2023年10月11日 にChatGPTのAPIが盗まれました(そのまま放置で36万円の損失)
記事でそのような事例を目にはしていましたが、まさか自分の身に起こるとは思っていませんでした。気付かなければ1カ月36万円の出費でした。気付くきっかけとなったのはOpenAIからの1通のメールでした。
内容は、OpenAIとの契約時に設定した月額API使用料上限に近づいているとのこと。
心当たりがなかったのでOpenAIのHPを開いて使用状況を確認してみると、とんでも無いことに。
なんと、GPT-4のAPI使用(緑色)が一日で激増していました。
使用中のAPIがGPT-3.5のみだったので、最初はOpenAI側の変更によりGPT-4のAPIに自動昇格したの?(善人の思考)とも思いましたが、OpenAIのHPで使用履歴を確認するとそうで無いとすぐにわかりました。
日本時間の12:00を境にGPT-4のAPIを使用したアクセスが急増!(しかも1回あたりの使用量が7Kトークンで、GPT-3.5の0.5トークンと比べてデカい)今まで通りのGPT-3.5も混在している。
(時刻が5分刻みになっているのはOpenAIの集計が5分間隔の為)
OpenAIと契約したAPIが何者かに不正利用されていることは明らかで、まず行ったことはAPIを使用できなくすることでした。
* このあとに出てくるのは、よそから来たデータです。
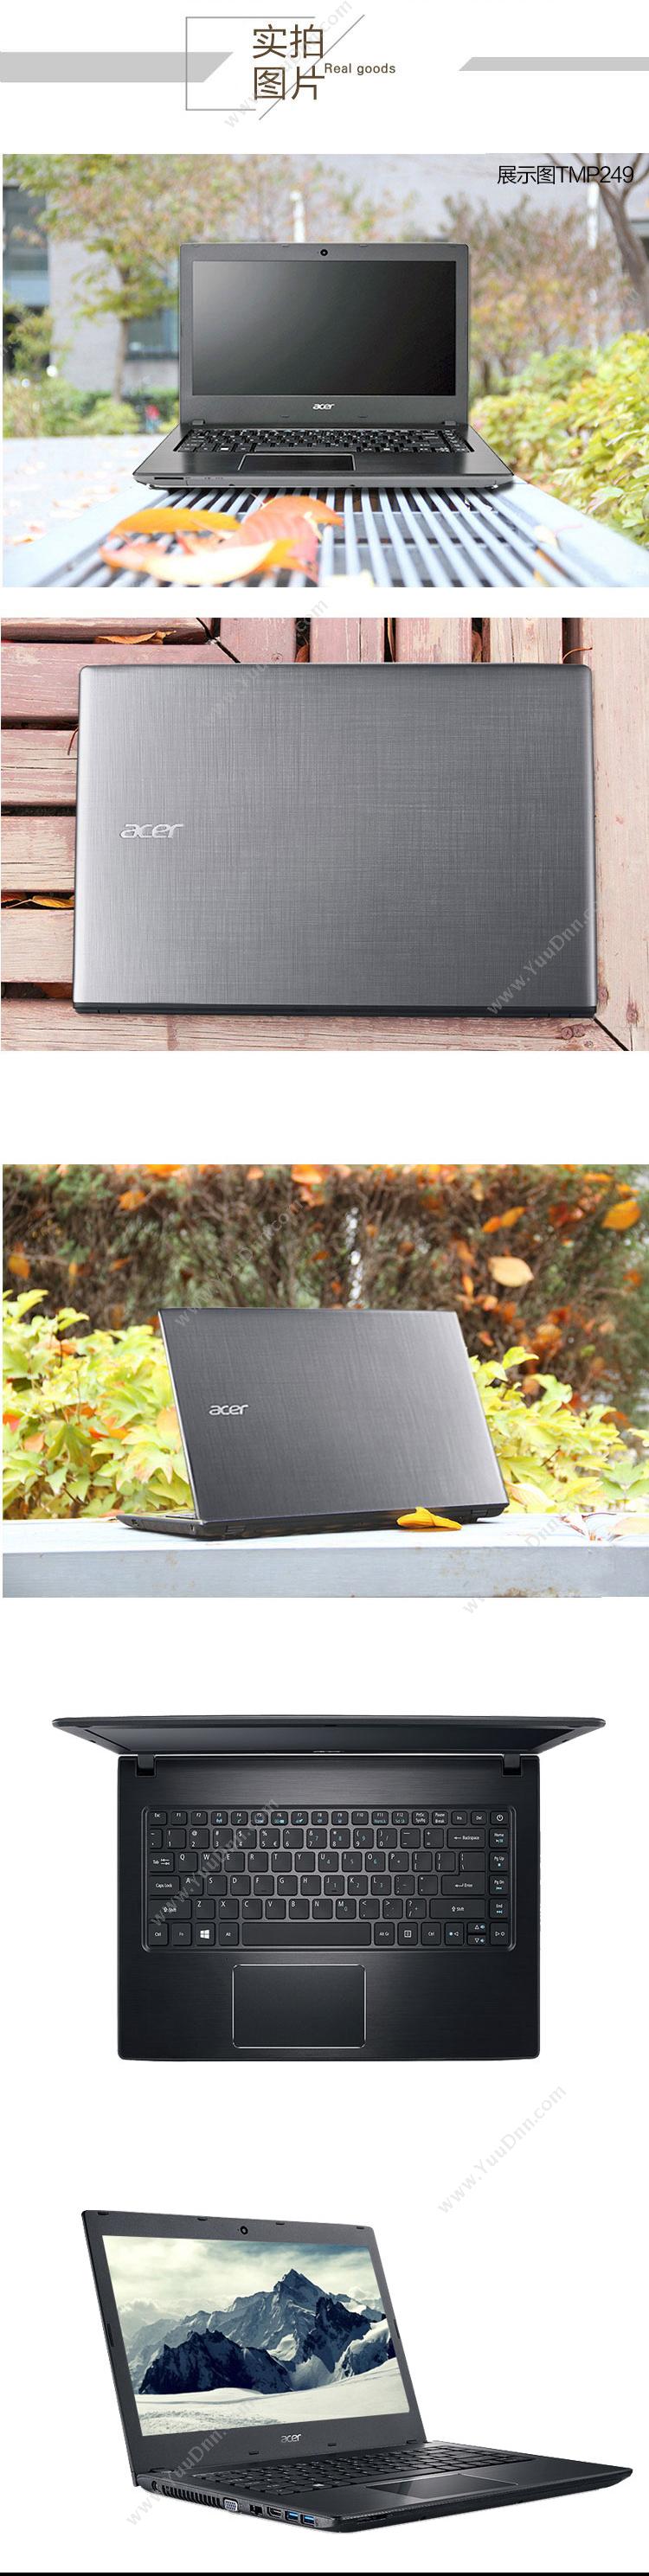 宏碁 Acer TravelMate P249-7111 便携式计算机 I5-6200U   /集成/4G/500G/集显/无光驱/LED/14英寸/WIN7P/一年保修 平板电脑

1つのAPIを複数のアプリケーションで使用していましたが、背に腹は代えられず、APIの使用制限金額を既に超過金額の下になるように設定すると、APIの使用が止まりました。
API漏洩はどこから?
なぜAPIキーが流出してしまったのかと考えた時に、プログラム難読化していないアプリが思い浮かびます。何者かがプログラムを解析しAPIキーを不正入手したのかも知れません。
善人思考はNGだと感じたので、対策を実施しアプリを再リリースすることにしました。
API制限は超重要
今回、APIの使用制限設定をあらかじめ行っていましたが、もしも設定していなかったらどうなっていたのでしょうか。6時間で20ドル使われてしまっていたので、1日で80ドル、1カ月で2400ドル(日本円で36万円)の出費になっていました。改めて、APIの使用制限設定は重要だと感じました。
参考に、設定はOpenAIのHPから以下の要領で行います。
今回は、OpenAIよりSoft limitである10ドル超過でメール通知があり、22ドル使われてしまったところでHard limitを30 → 20ドルに再設定しました。
よく見るとApproved usage limitが120ドル(日本円で1万8千円)になっているので、不正使用に気付かなくてもこの制限がかかったかも知れません。
不正使用を経験して思うこと
ChatGPTのAPIを使用する上で、使用制限設定はとにかく重要で、世の中、善人思考では通じない時代であり、APIのセキュリティにもコストを掛ける必要があると実感しました。
ついつい他人事と思いがちですが、APIを使っている方はご注意下さい。
ChatGPTに聞いた感想
この文章は、ChatGPTのAPIの不正利用についての体験談が述べられていますね。APIの使用制限設定が重要であり、セキュリティに対する意識が必要だというメッセージが強調されていますね。また、プログラムのセキュリティについても触れられていますね。
それでは、この内容について感想をお伝えしましょう。この文章はセキュリティに対する意識の重要性を教えてくれる興味深い体験談ですね。特に、APIの使用制限設定の重要性について再認識できました。善人思考だけではなく、セキュリティにも注意が必要ですね。